My last post is getting a lot of traffic and I know it's not because people want to hear me complain!... you're just checkin' to see if I've had our wee little one.
Well, not yet.
So I thought I'd post about a few things that are keeping me sane.
I made a few hair accessories.
I can't believe I've made it so many months and I've just now made some.
I feel like one of the only things that could make this pregnancy seem longer is bad/HOT weather. This last week has been perfect and for that I am SO thankful for. We play outside a lot and that makes the days go by a little faster.
I've been reading lots of books. And the monthly Ensigns and conference issues cover to cover. The Book Thief was 550 pages and I read it in a week. That's probably some sort of record for me.
(The book was thoroughly entertaining but I was surprised at how much bad language there was considering it was a young adult book)

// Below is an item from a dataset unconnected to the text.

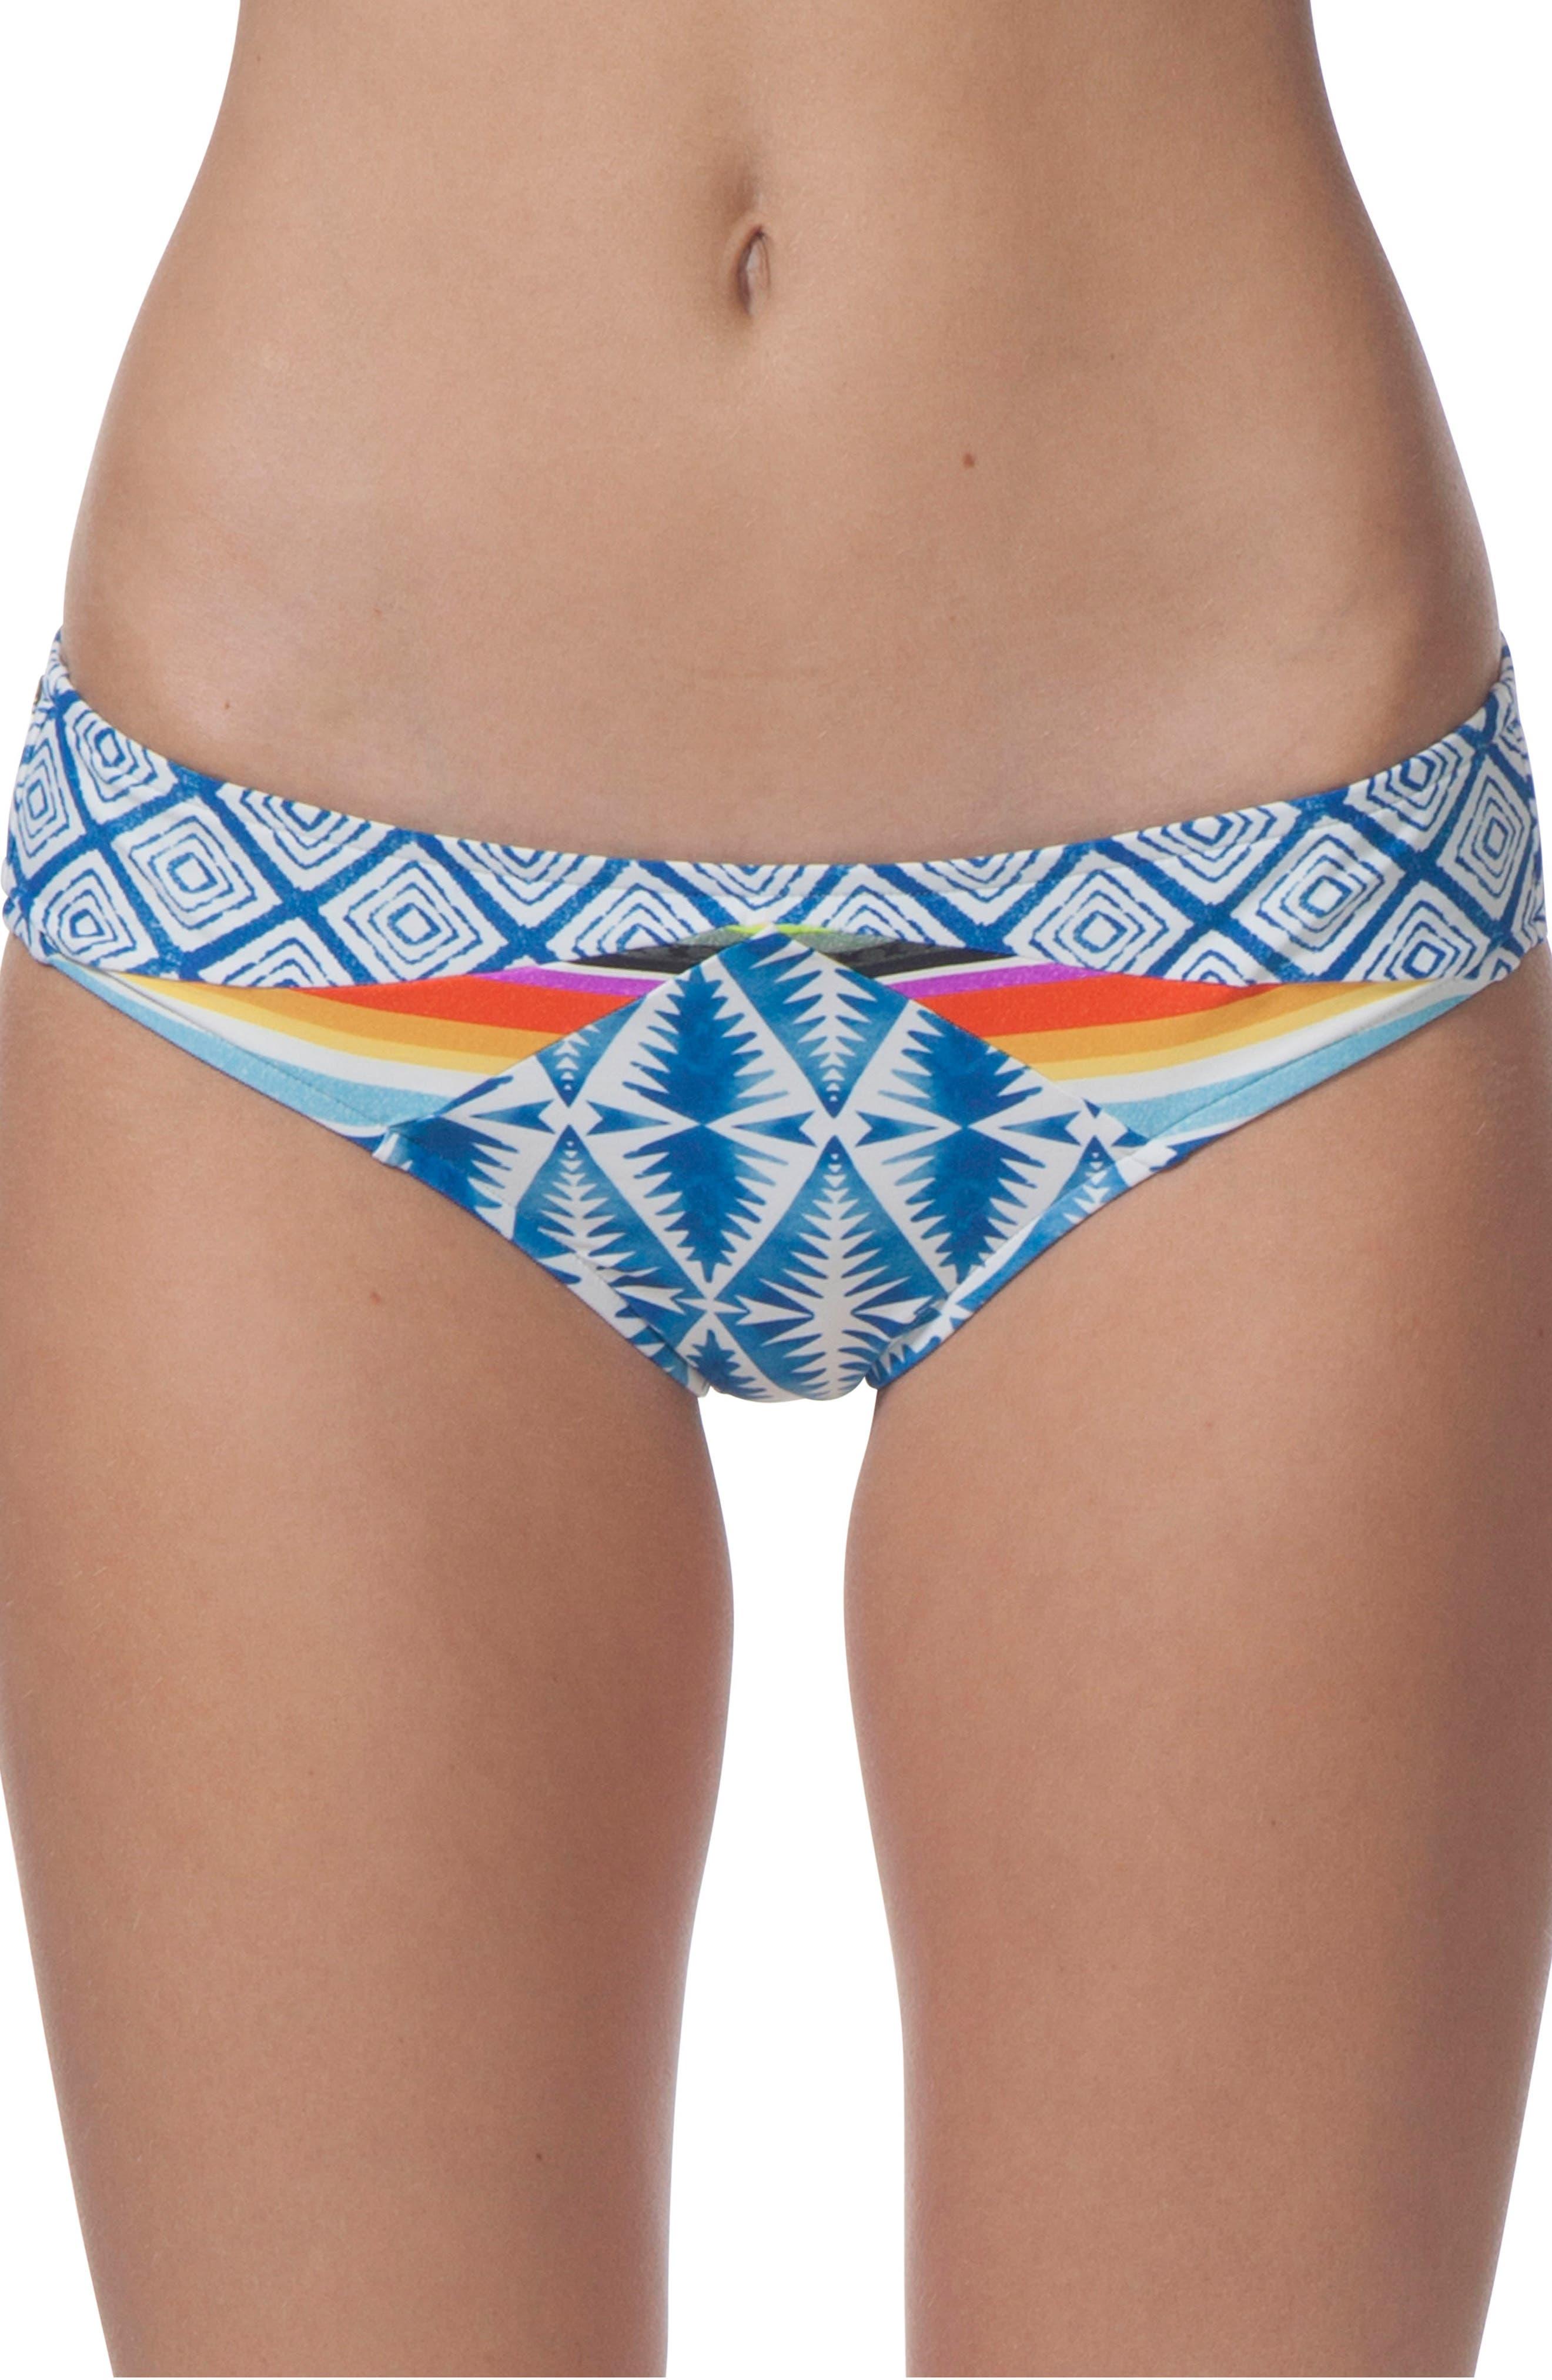 Beach Bazaar Hipster Bikini Bottoms,                             Main thumbnail 1, color,                             400
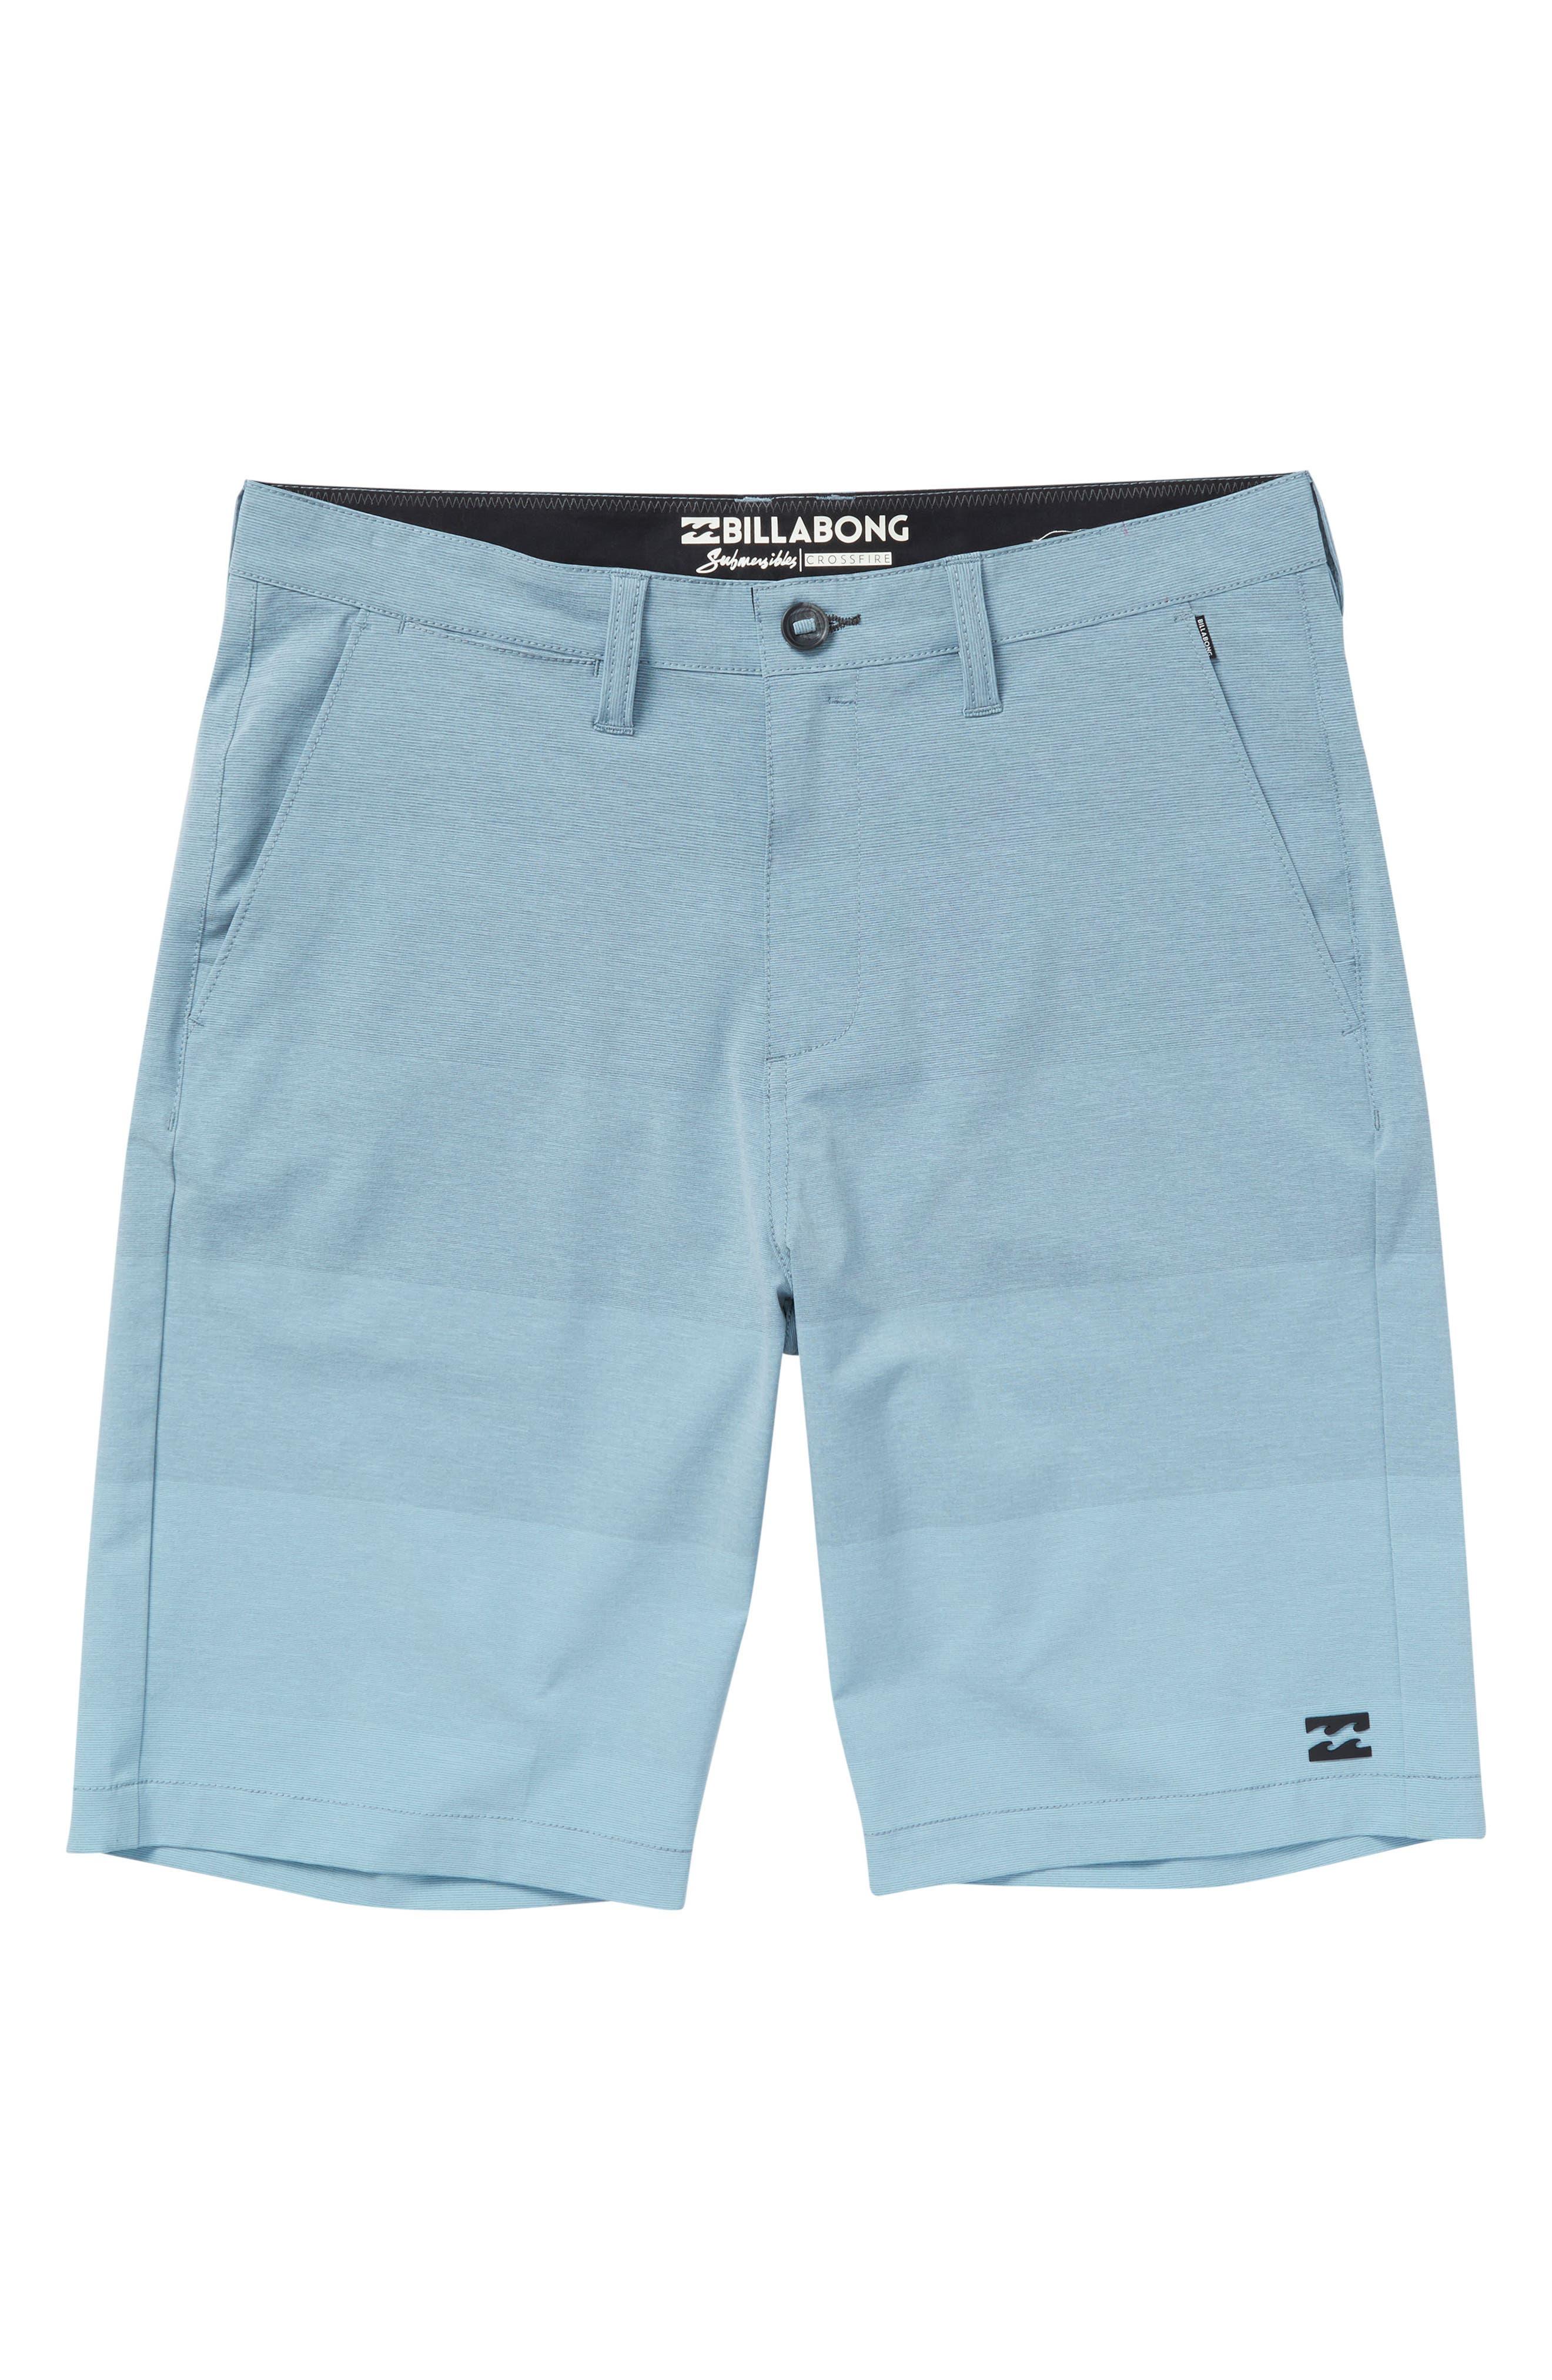 Crossfire X Faderade Hybrid Shorts,                             Main thumbnail 1, color,                             Blue

I've been getting lots of texts and comments that make 39 weeks bearable. Plus we went to Organ Stop Pizza with some friends on Monday and that was pretty cool. Then they took us to Bahama Bucks for shaved ice and shakes. We're big fans and I'm sure we'll be going there lots this summer.
Everett has been asking for Papa for a few weeks so he came and spent the day with us today. It was so nice... I'm not sure what's up with Everett's "smile" though!
I love that man.
I know I said that I was starting to hate him but it's mostly because at 39 weeks you start to hate everything. Jake came with me to my appointment yesterday where I poured out my heart and soul to him and told him that I would die if he didn't induce me. I told him I was ready to have the baby right there in his office. (Jake said I did a great job of expressing how I felt!) But because I am low risk (there is nothing "wrong" with me or the baby) that the hospital literally won't let you even schedule an induction until your due date (which is actually something they told us on our hospital tour so I know he wasn't making it up).
So I am on the schedule for Sunday. Every single one of my fingers and toes are crossed that they will have a room/bed open for me because if lots of ladies come in that are in labor earlier that day then I am the one that will be sent home.
That is, of course, if I don't go into labor sooner... which I am starting to doubt. He stripped my membranes again and did a fantastic job (it hurt like 10 times more than last week) and he said that I was dilated to a 4. About two hours later I lost my mucus plug. I was ready for contractions any second. Nothing.
Last night was even stormy with lightning and thunder. Today it's been raining like CRAZY and still nothing. Isn't a storm supposed to bring babies?! I think my uterus is broken. (I'm sure I won't be saying the same thing once labor does start!)
(Our grass is completely flooded again and our huge shade umbrella ended up at the bottom of our pool. See, big storm... where's the baby?!)
At least we're enjoying the storm one way or another.
And just for fun, here's the difference in 30 weeks.
Lol, I can't even believe that I actually got that shirt onto my body!
(And don't you just love how you totally feel "huge" and that it's OBVIOUS you're expecting even in your first trimester and then when you make it to the very end you look back and think "I would die to be that small right now!" I'm starting to wonder if I will ever be that small again even though at the time I thought I was about to explode!)